Of late, there has been increasing academic interest in the history of these cameleers. Compared with the scope of the subject, miniscule attention has been paid to it. A few things about their lives, interactions, identities and contributions have been dug up, but much remains to be explored. The identities of ethnic groups like Balochs, who played a significant role, have been missed. Partly it has been due to unavailability of a substantive historical record. A major reason for such gaps has also been the inattention of researchers on ethnic identities and the weakness of methodological tools that they have employed in their studies.

More importantly, almost no studies have been conducted on the lives of those Baloch cameleers, who returned to their homes after the termination of their contracts.
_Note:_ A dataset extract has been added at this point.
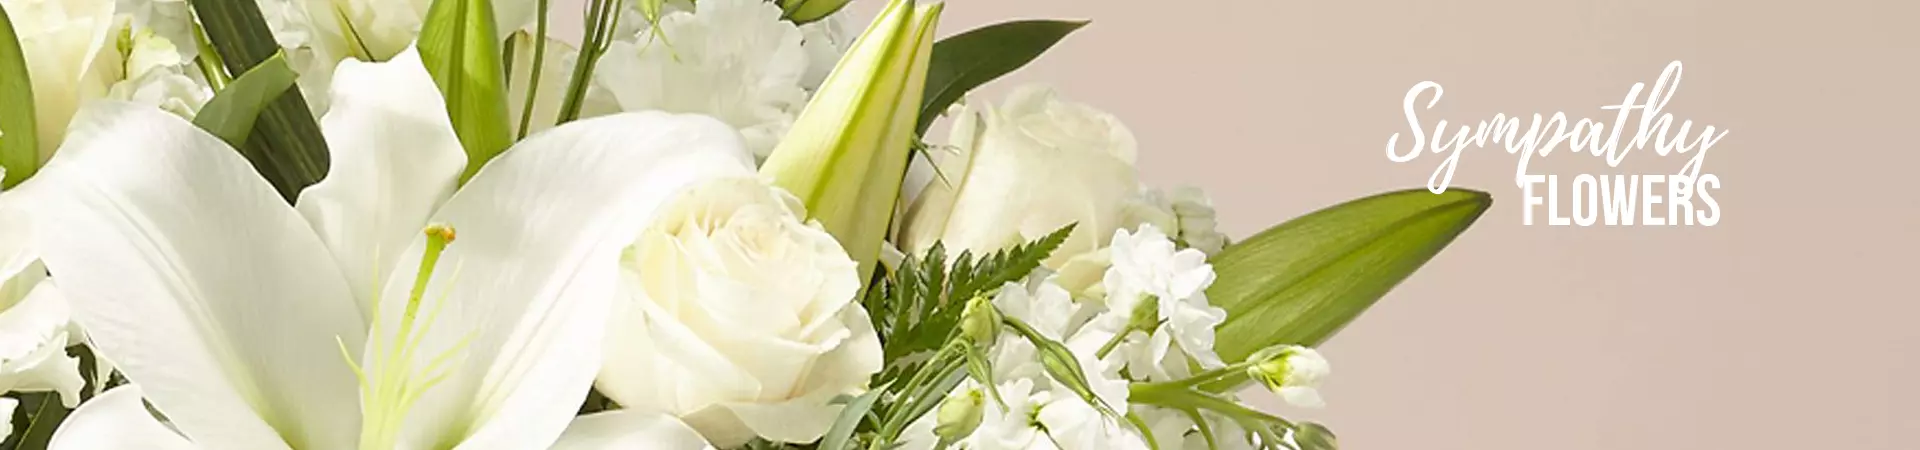 Colección de Symphaty Flowers, Funeral, Condolencias, Fresh Flowers Orlando
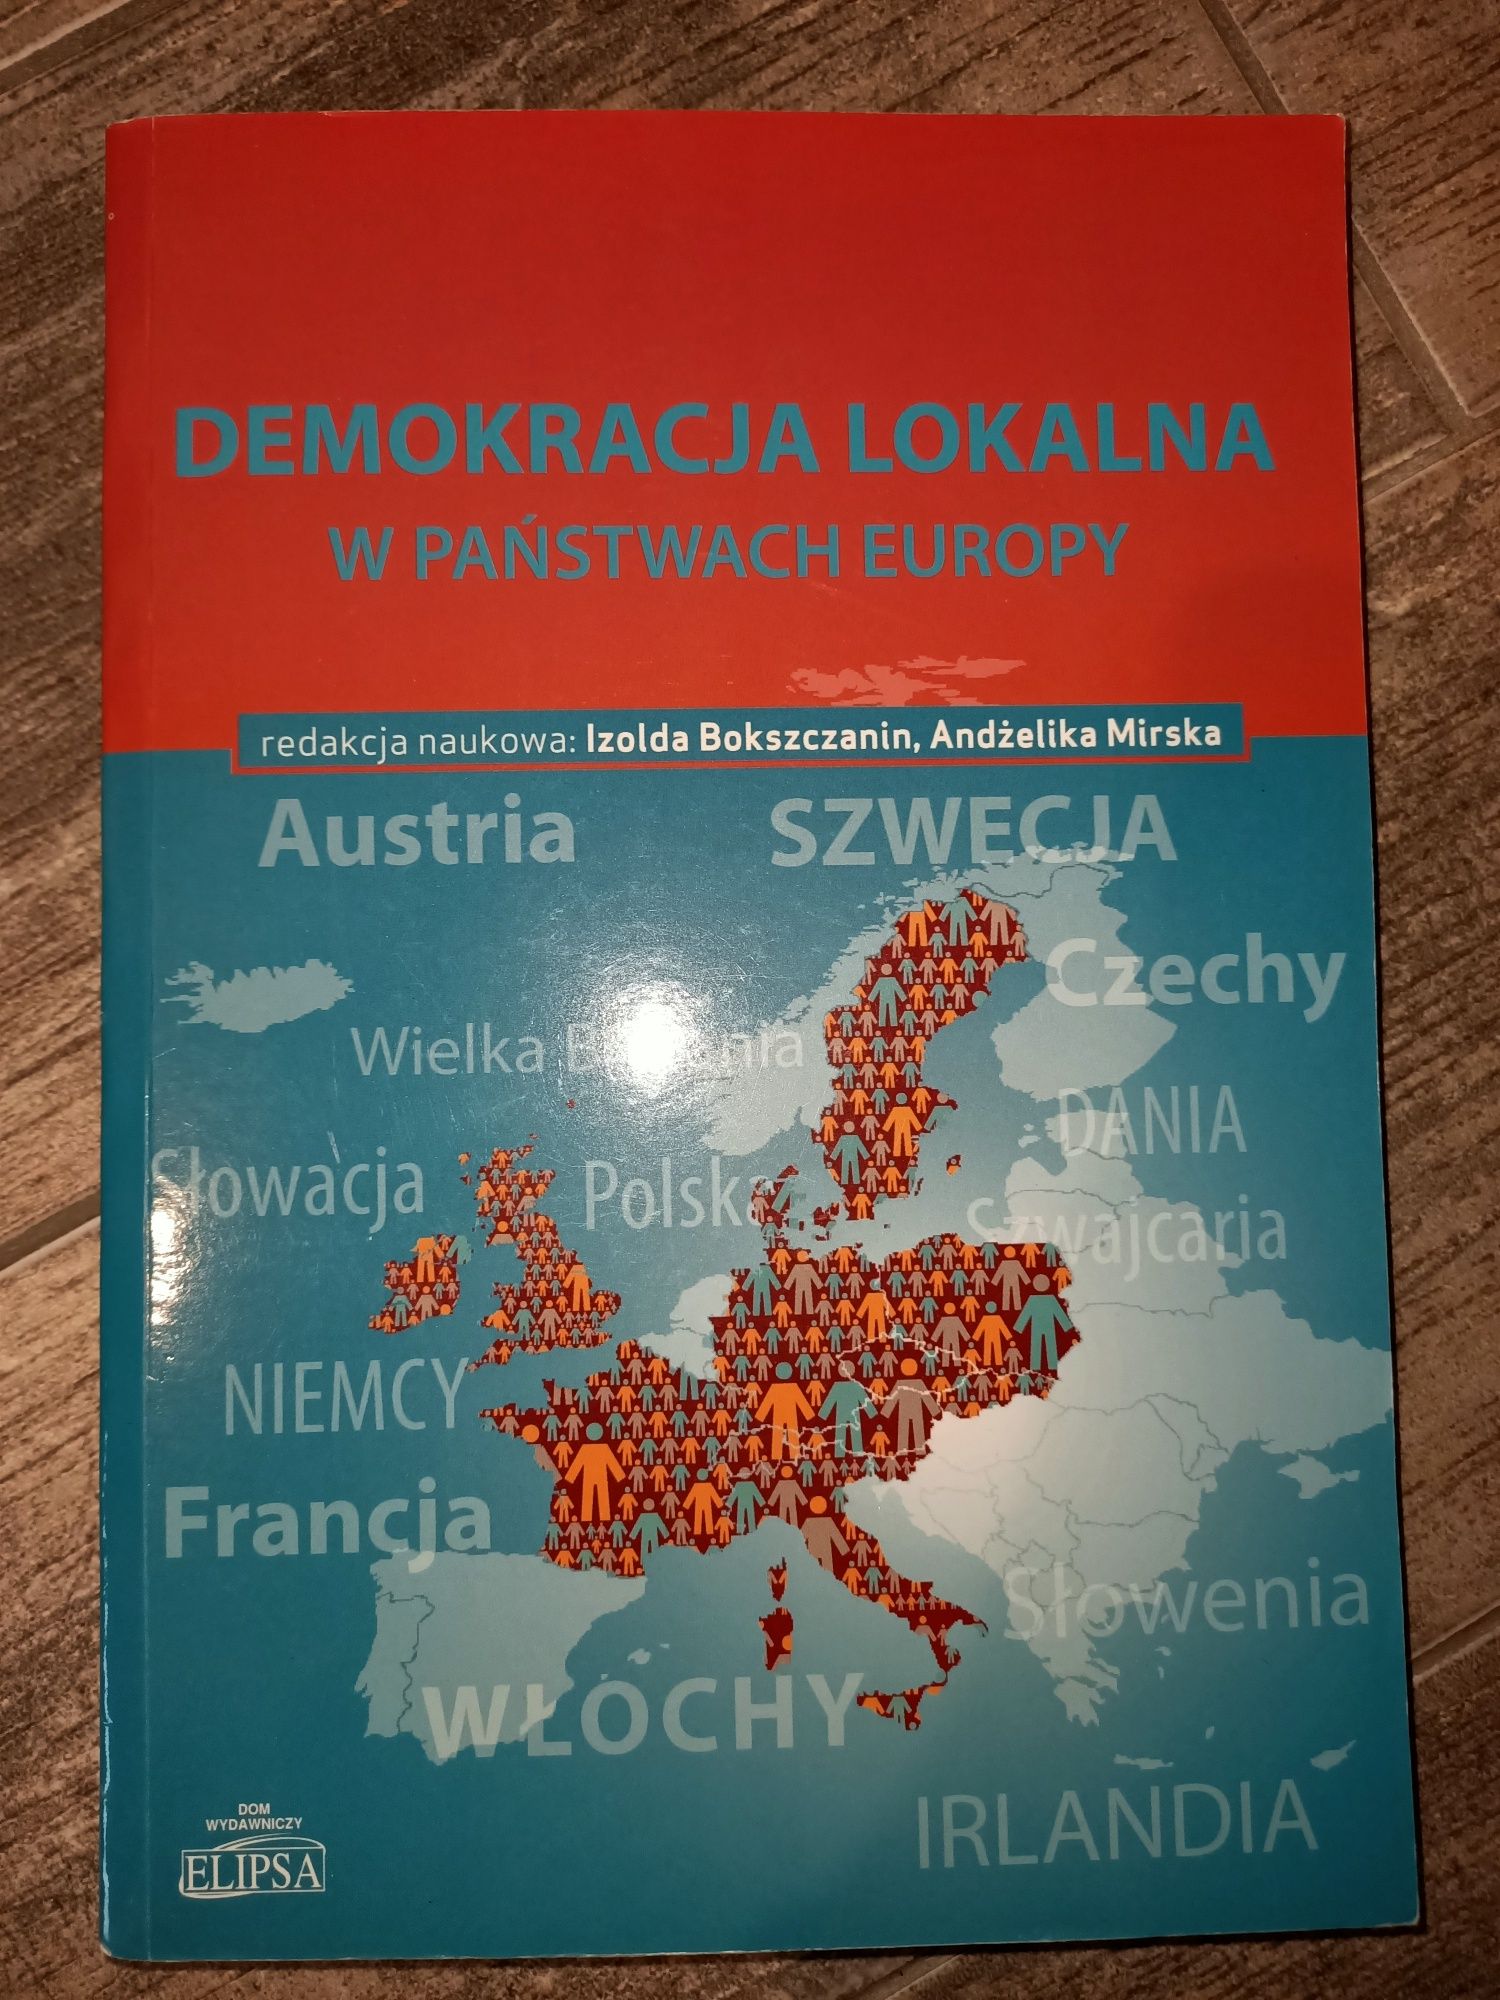 Demokracja lokalna w państwach Europy red. nauk. Bokszczanin, Mirska

With the emerging trends of applying theoretical frameworks such as Michel Foucault’s genealogy, today’s historians are sufficiently equipped to undertake studies on the origins and identities of ethnicities that the cameleers came from. Such strong tools enable us to rigorously study the aftermath of this late 19th-century adventure and its impacts and implications on the lives of Baloch cameleers once they returned to their homes.